Au début, on connaissait peu de gens qui « l »’avaient attrapé. On n’en parlait pas d’ailleurs. Aayb. Un peu comme avec le VIH. Parce que celui qui avait chopé le Covid-19 avait forcément déconné. Il y avait peu de cas au Liban en mars dernier, mais la peur était là. Le premier confinement a été respecté et on pensait que ça irait vite. Qu’on se débarrasserait rapidement du virus. Sauf que. Sauf que la situation a dégénéré. Les mesures de sécurité (port du masque, distanciation, lavage de mains…) n’ont quasiment plus été respectées. Et le Liban a commencé sa descente aux enfers, les fêtes de fin d’année n’ayant pas aidé, si on peut dire ça comme ça. Et de « on ne connaissait personne », nous sommes passés à « tout le monde l’a ». Et la série de mauvaises nouvelles a commencé à pleuvoir. Contagions, hospitalisations, décès, crise de l’oxygène, manque de médicaments, rupture de stock de Panadol et surtout le débordement des hôpitaux… 2021 a démarré sous les pires auspices.
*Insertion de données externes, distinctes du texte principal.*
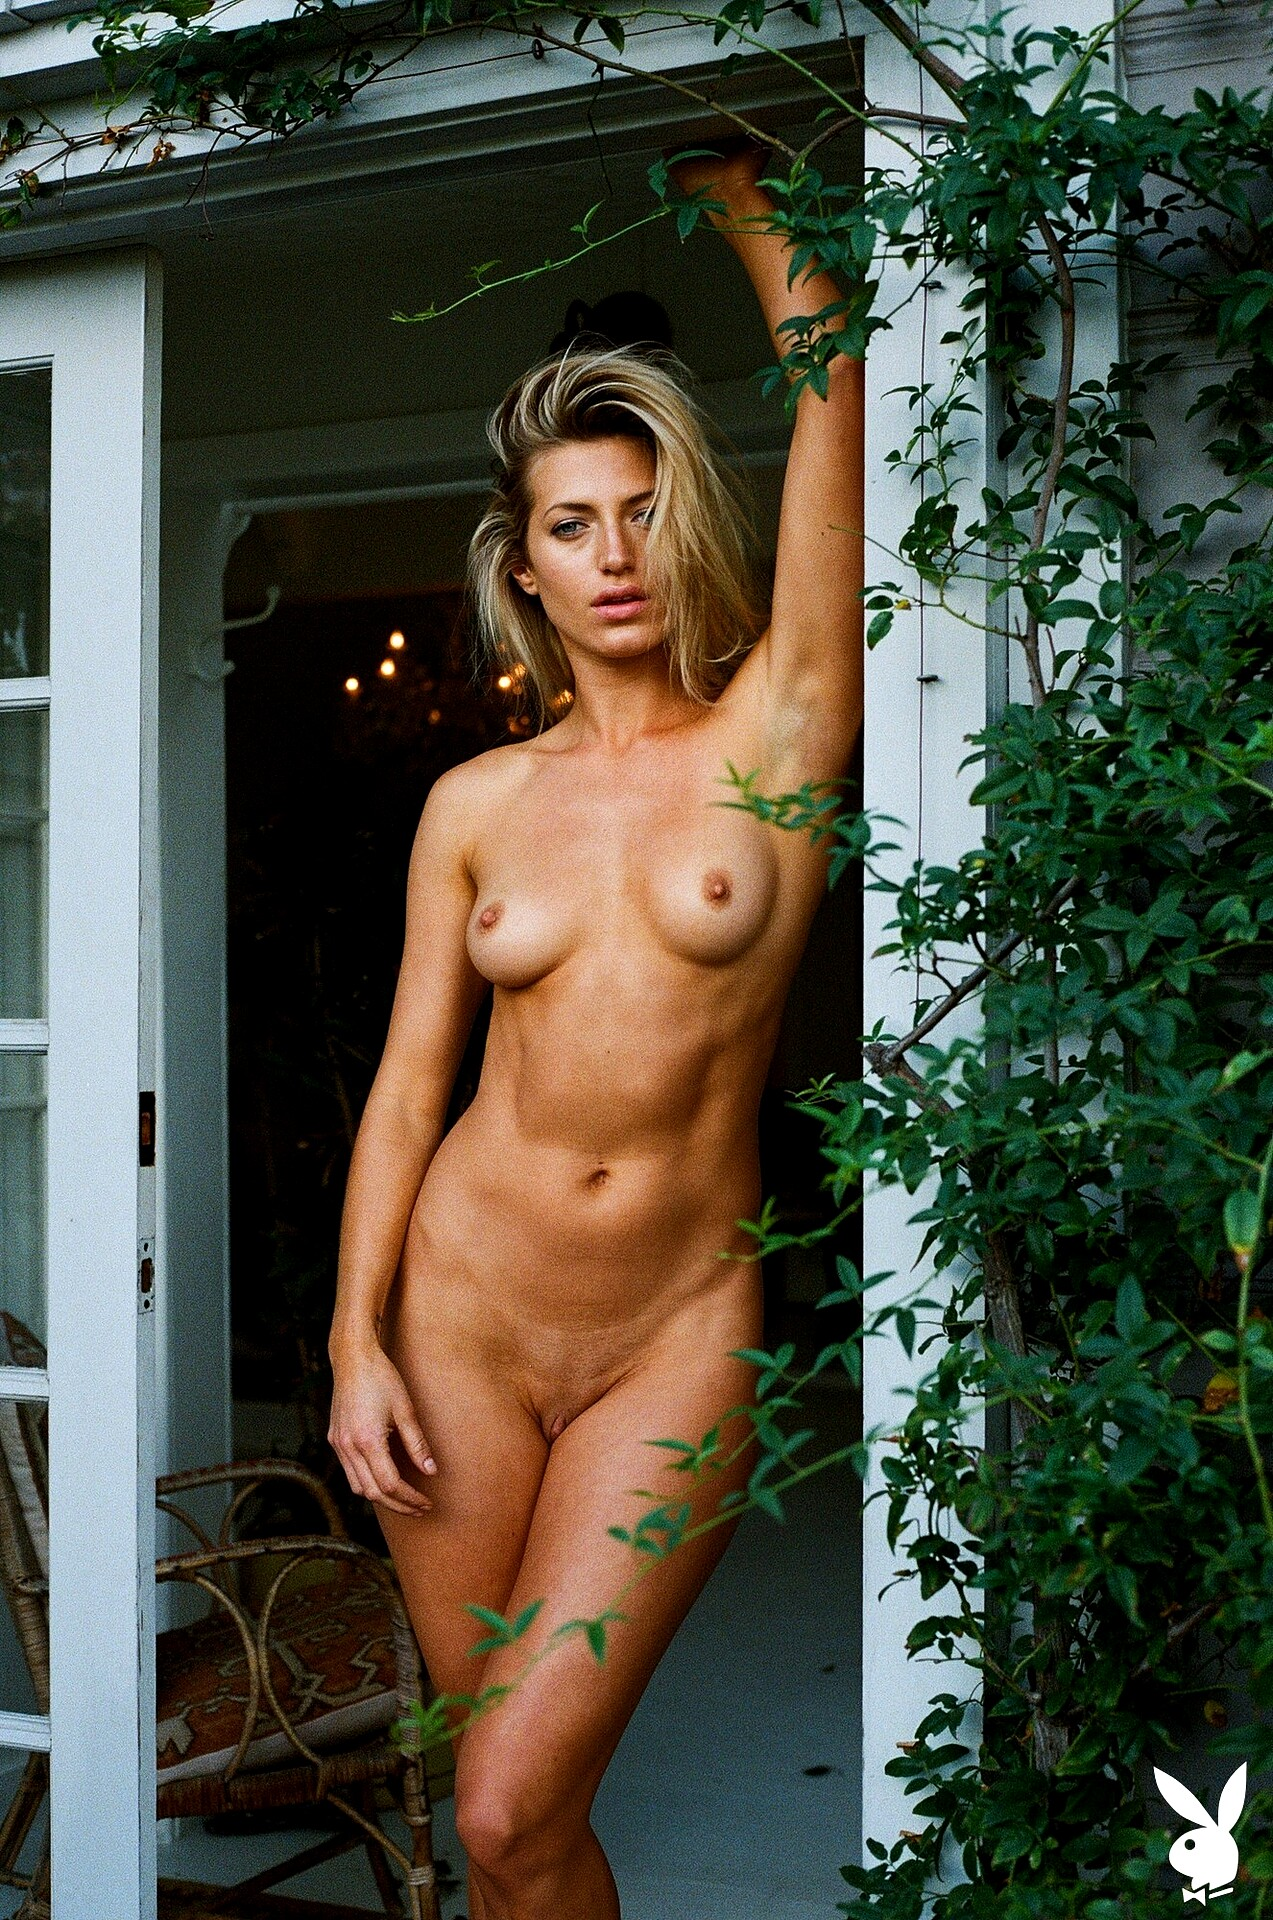 Jessica kylie nackt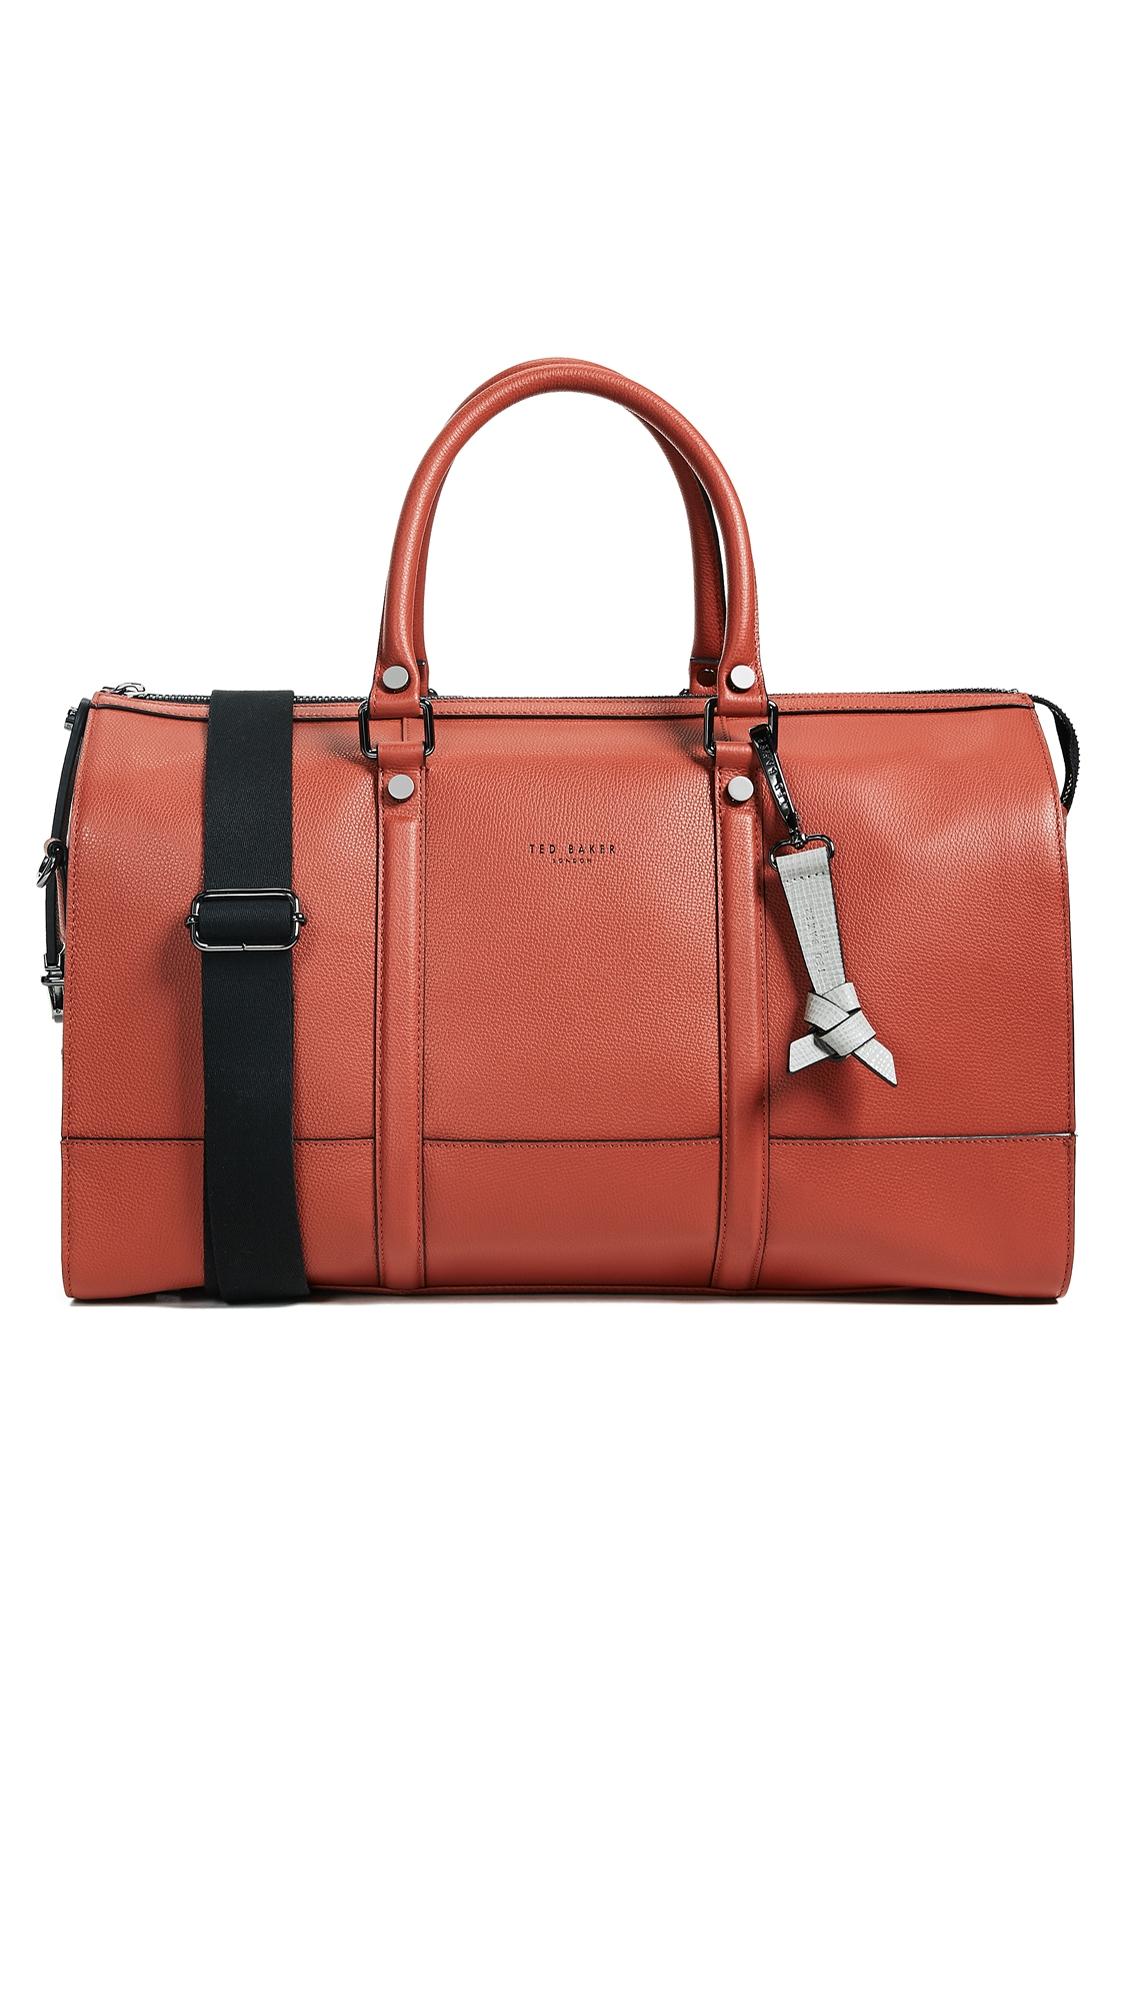 37dc9b87b780 Ted Baker Radical Duffel Bag In Dark Orange

J’ai été testée positive à Dubaï où je suis venue passer quelques jours. Au même moment, mon père était hospitalisé, mon frère l’attrapait, mon homme ainsi que sa famille étaient testés positifs, mes ami(e)s à Beyrouth, leurs familles et tous les autres. J’ai eu la chance d’avoir une atteinte modérée. Une immense fatigue, un rhume, des maux de tête, la perte du goût et de l’odorat, la déprime, l’insomnie, la peur et la tristesse. La peur de tarder à retrouver le goût, de ne pas me remettre sur pied rapidement, de connaître les effets secondaires sur le long terme. Mais la peur, surtout pour mes proches. Pour mon père, hospitalisé pendant trois semaines, pour ma mère, à haut risque, pour mon frère, mon entourage. Puis la tristesse s’est installée. Des amis s’en sont allés, mes proches ont perdu un des leurs. Un père, une grand-mère, une tante. J’ai vu mes amis souffrir à cause du départ de leurs parents. Je les ai vus ne pas pouvoir leur dire un dernier au revoir, les enterrer en silence sans personne autour pour les soutenir. Et j’ai touché de près la gravité de cette pandémie que d’aucuns ont prise au départ pour une simple grippe. J’ai compris qu’on ne jouait plus. Que le danger était partout et bien évidemment que certaines personnes, et en particulier les Libanais, étaient irresponsables, mais qu’ils avaient eux aussi peur. Ceux-là, on ne peut pas leur en vouloir. Ils préfèrent mourir du Covid que de crever de faim. Ils ont besoin de travailler, de rapporter un peu d’argent à la maison pour tenir le coup… L’État ne leur apportant non seulement aucune aide, mais empêchant les ONG de distribuer nourriture et médicaments durant ce nouveau lockdown. Quant aux autres, nul besoin de les mentionner à nouveau. Ils ont été le maillon faible et ils continuent encore à l’être, à coups de soirées clandestines et de regroupements ridicules.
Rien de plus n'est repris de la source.